▶ **SUPPLIED MATERIAL**:
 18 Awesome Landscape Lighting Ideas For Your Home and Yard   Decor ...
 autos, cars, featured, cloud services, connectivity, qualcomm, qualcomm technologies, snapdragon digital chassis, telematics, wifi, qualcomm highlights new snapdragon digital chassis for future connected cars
--
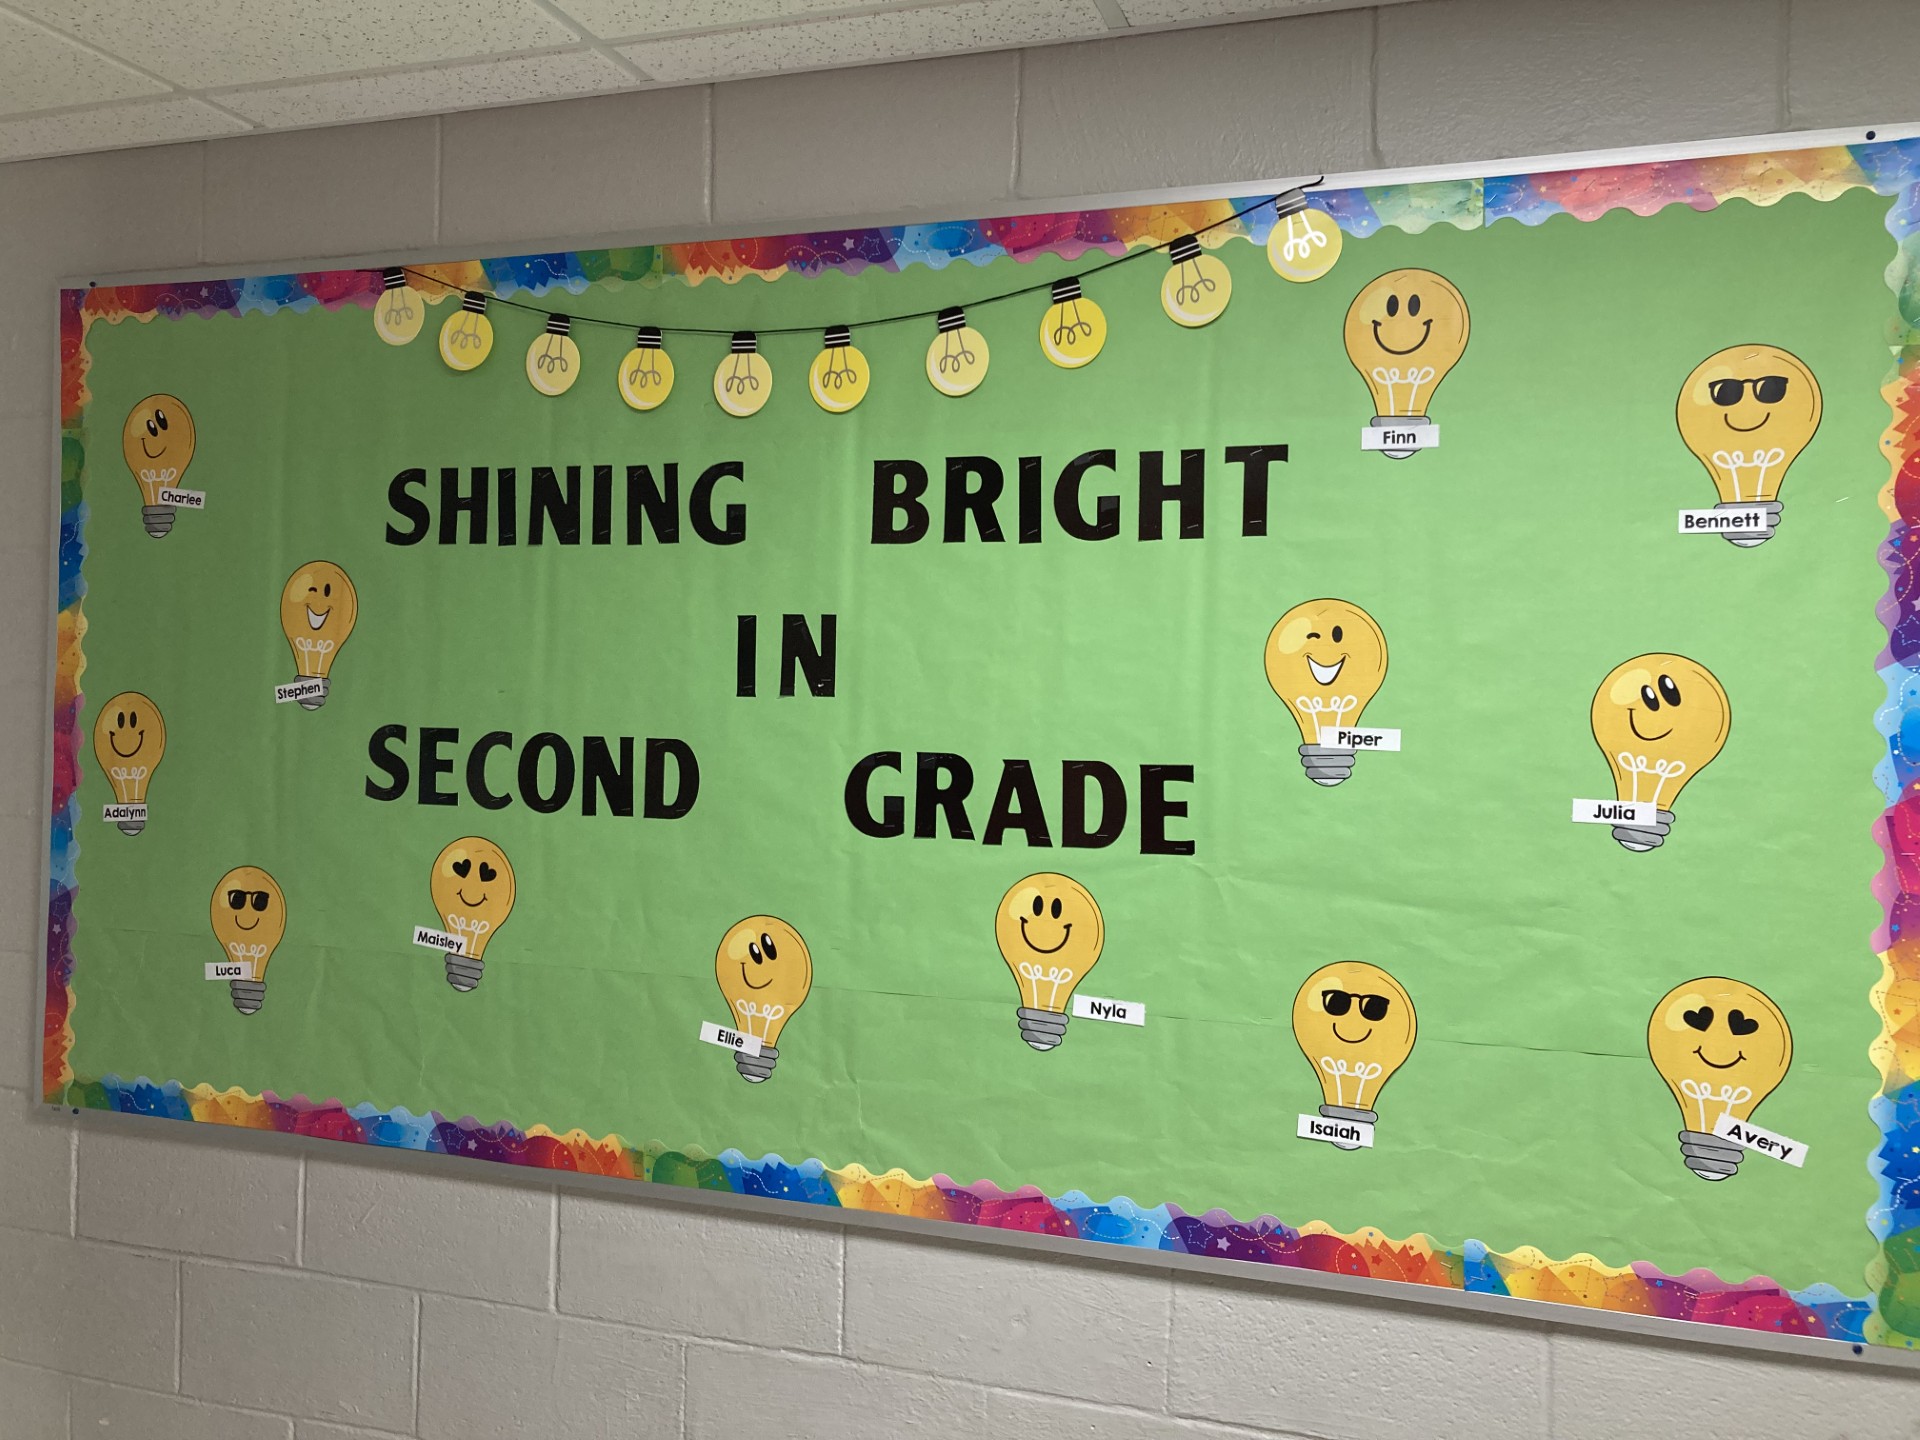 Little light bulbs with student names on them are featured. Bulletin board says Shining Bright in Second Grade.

▶ **PROBLEM**: Since only part of the listing is wanted, copy exactly the lines from the one holding "18 Awesome Landscape" to the one holding "autos, cars, featured, cloud", both included.

▶ **COMPLETED TASK**:
 18 Awesome Landscape Lighting Ideas For Your Home and Yard   Decor ...
 autos, cars, featured, cloud services, connectivity, qualcomm, qualcomm technologies, snapdragon digital chassis, telematics, wifi, qualcomm highlights new snapdragon digital chassis for future connected cars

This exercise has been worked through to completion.